Having a more holistic view toward what you support and why is the foundation from which your give-back actions originate. “It does really make you cognizant of ‘let me do my due diligence to see is this where I want to put my money,’” says Erica. Who is this money supporting? What overarching concept does this support? Is there another cause whose approach is more aligned with my values? These questions build that strong base.
“It’s been, you know...really empowering to hear how, in The Community, they do share things like this, and they do talk about, you know, their causes and places that they are donating and places that you may not have even known existed.” Now that’s proof of power in numbers!
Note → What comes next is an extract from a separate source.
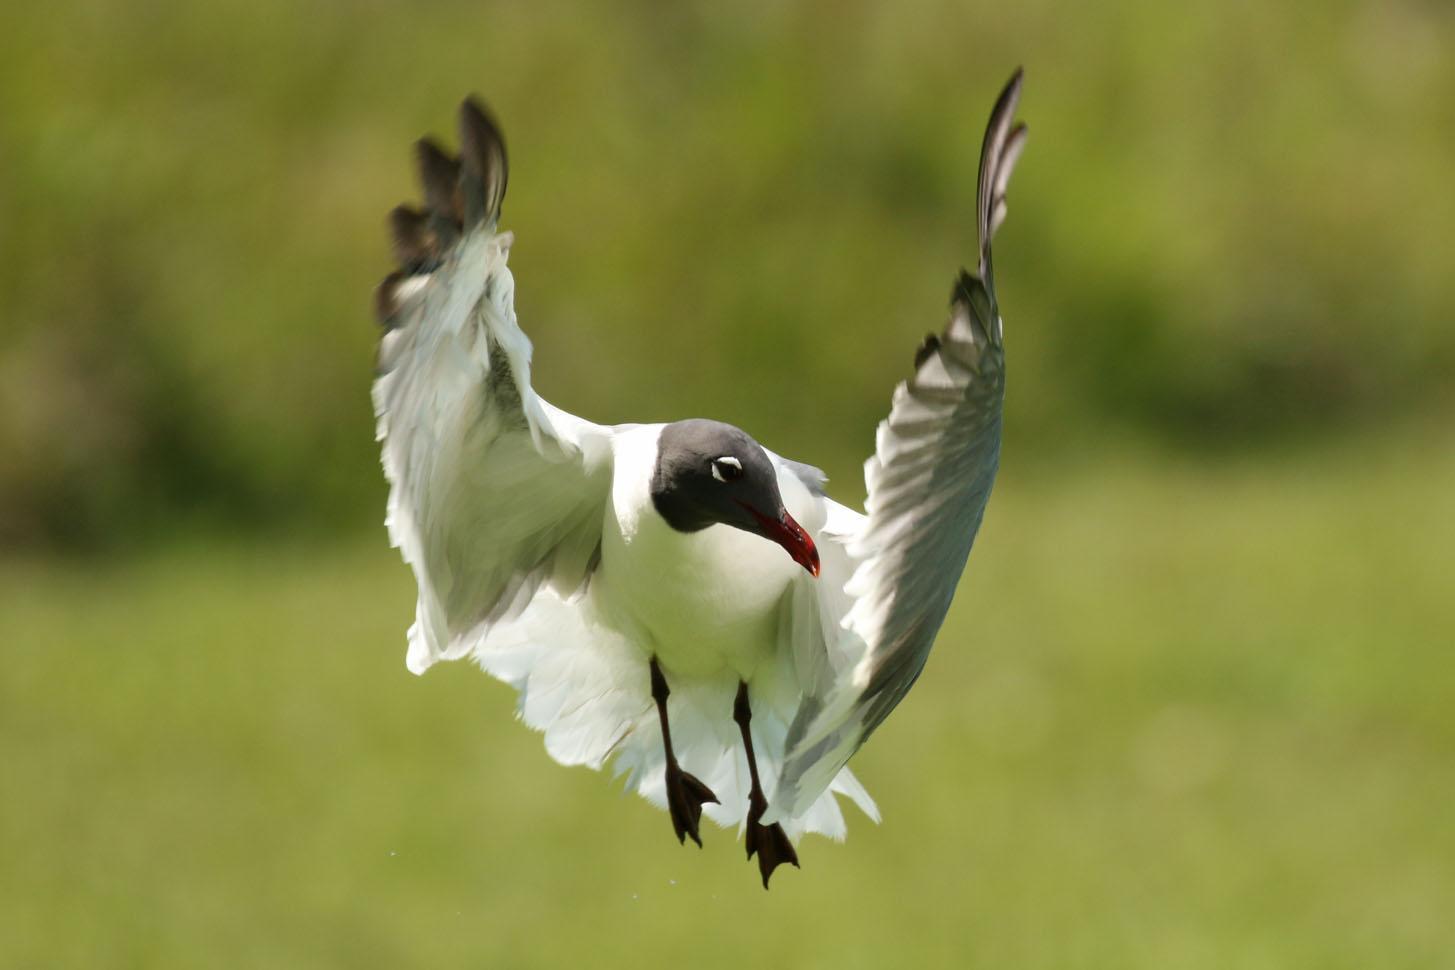 Laughing Gull Photo by Kristy Baker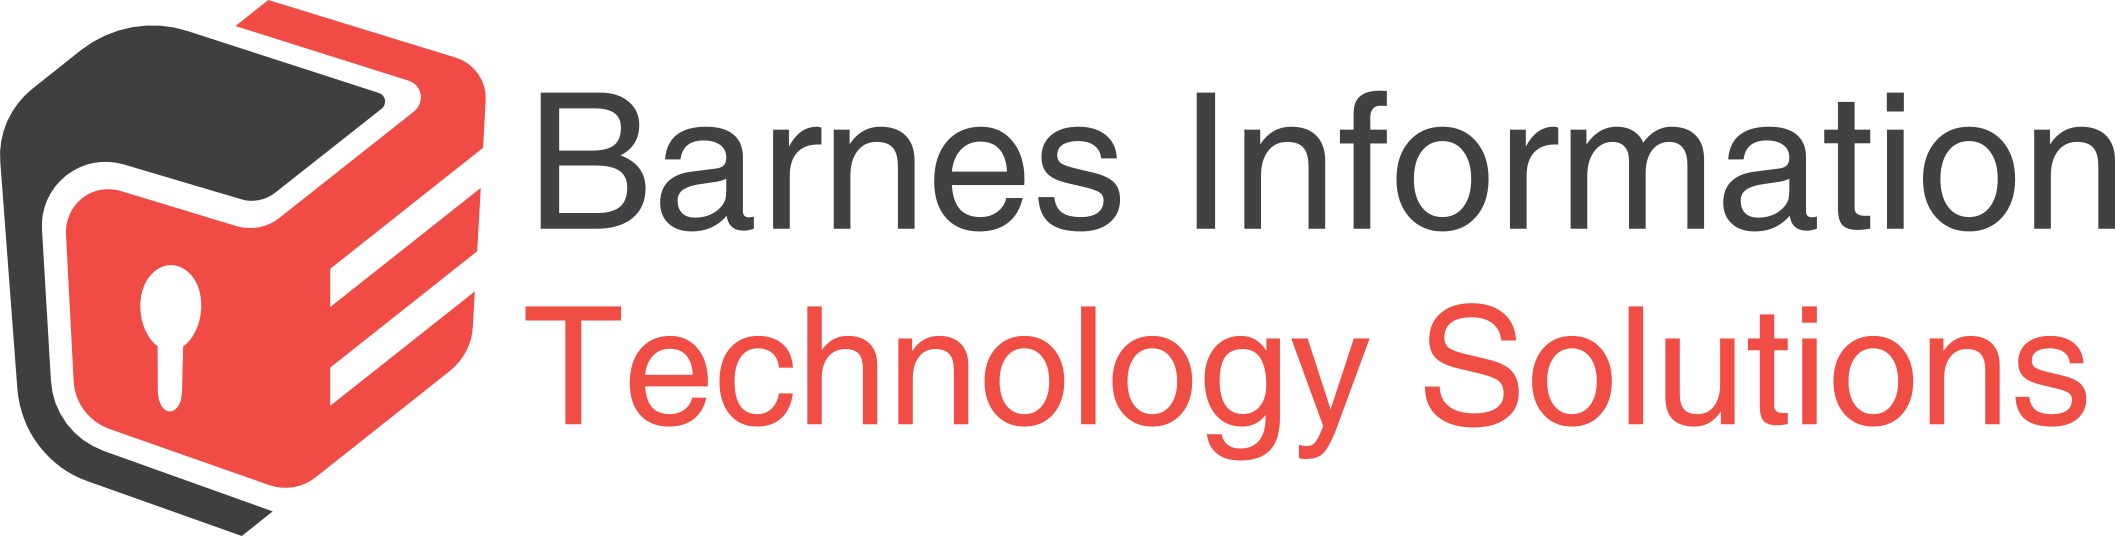 Barnes Information Technology Solutions

“I agree completely,” says India, adding, “I want to leave them with taking a moment to figure out what causes they want to support. If you haven't already decided that, give yourself five minutes and just really think. What broad cause - it doesn't have to be the specific nonprofit - do you want to show up and support?” Then, explore the myriad ways you can infuse that spirit into supporting your chosen causes, whether your actions are financial, physical, virtual, or all of the above.
Quoted
Erica Courdae
“There's no right way, but there is a wrong way, and it's just not to do it at all.”
“So often we have this disconnection from understanding that this really does contribute to our personal narrative.”
India Jackson
“There's no one way to have a give-back component in your business.”
“Sometimes what you can provide outside of money might be more valuable.”